Here $\sum \alpha = -\tfrac{-3}{2} = \tfrac{3}{2}$ and $\sum \alpha\beta = \tfrac{4}{2} = 2$.
Now the clever bit: squaring the sum of roots gives $\left(\sum \alpha\right)^2 = \alpha^2 + \beta^2 + \gamma^2 + 2\sum \alpha\beta$. Rearranging gives exactly what we want: $\alpha^2 + \beta^2 + \gamma^2 = \left(\tfrac{3}{2}\right)^2 - 2(2) = \tfrac{9}{4} - 4 = -\tfrac{7}{4}$.
A negative answer is fine — these are squares of complex or irrational roots, not real lengths.

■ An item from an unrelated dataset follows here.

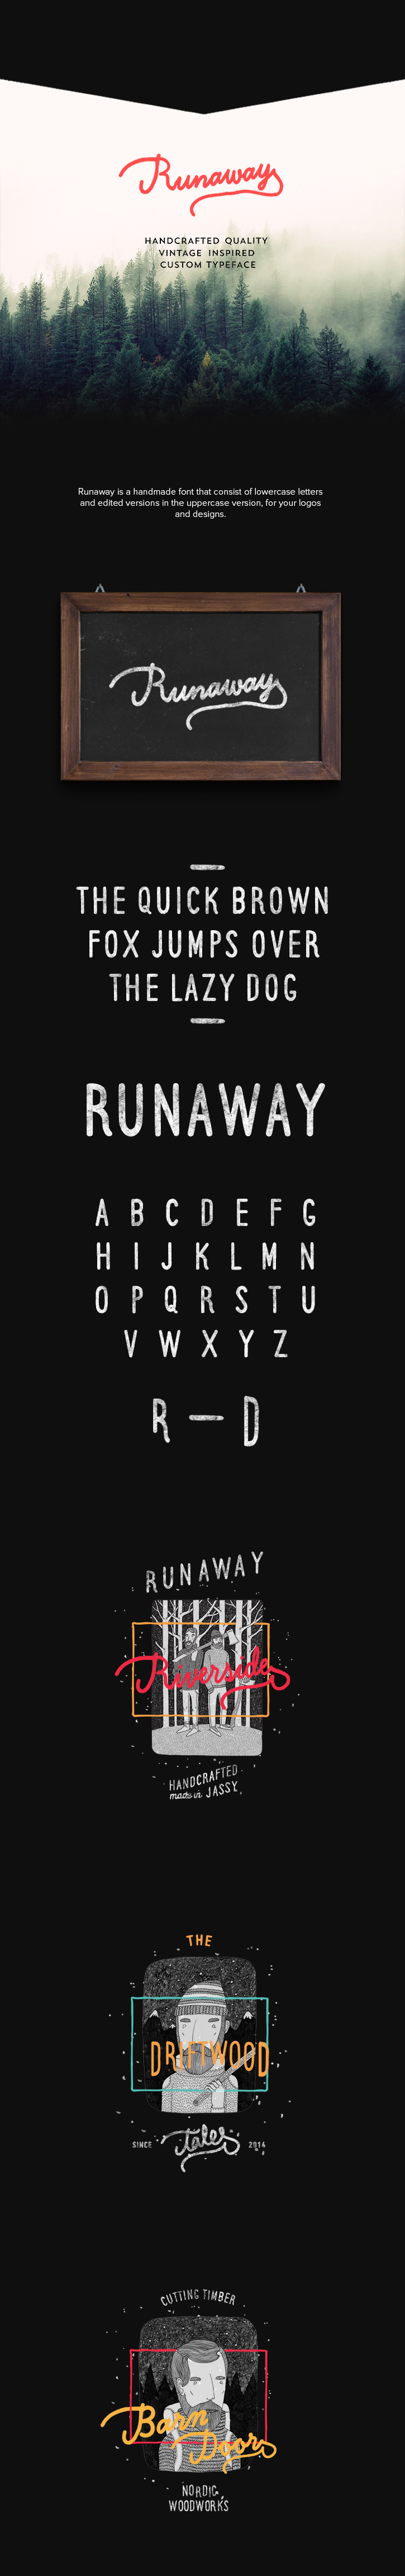 font handmade hand drawn lettering type Runaway Typeface vintage Retro free HAND LETTERING Free font

Roots–coefficients, then identity.
- $\sum \alpha = \tfrac{3}{2}$, $\sum \alpha\beta = 2$
- $\alpha^2 + \beta^2 + \gamma^2 = (\sum \alpha)^2 - 2\sum \alpha\beta$
- $= \tfrac{9}{4} - 4 = -\tfrac{7}{4}$
Answer: $-\tfrac{7}{4}$.
Where the marks go
- 1 mark: Correct $\sum \alpha = \tfrac{3}{2}$
- 1 mark: Correct $\sum \alpha\beta = 2$ and uses the identity $(\sum\alpha)^2 - 2\sum\alpha\beta$
- 1 mark: Correct value $-\tfrac{7}{4}$
Key idea
Sums and products of roots come directly from the coefficients; $\alpha^2 + \beta^2 + \gamma^2 = (\sum\alpha)^2 - 2\sum\alpha\beta$.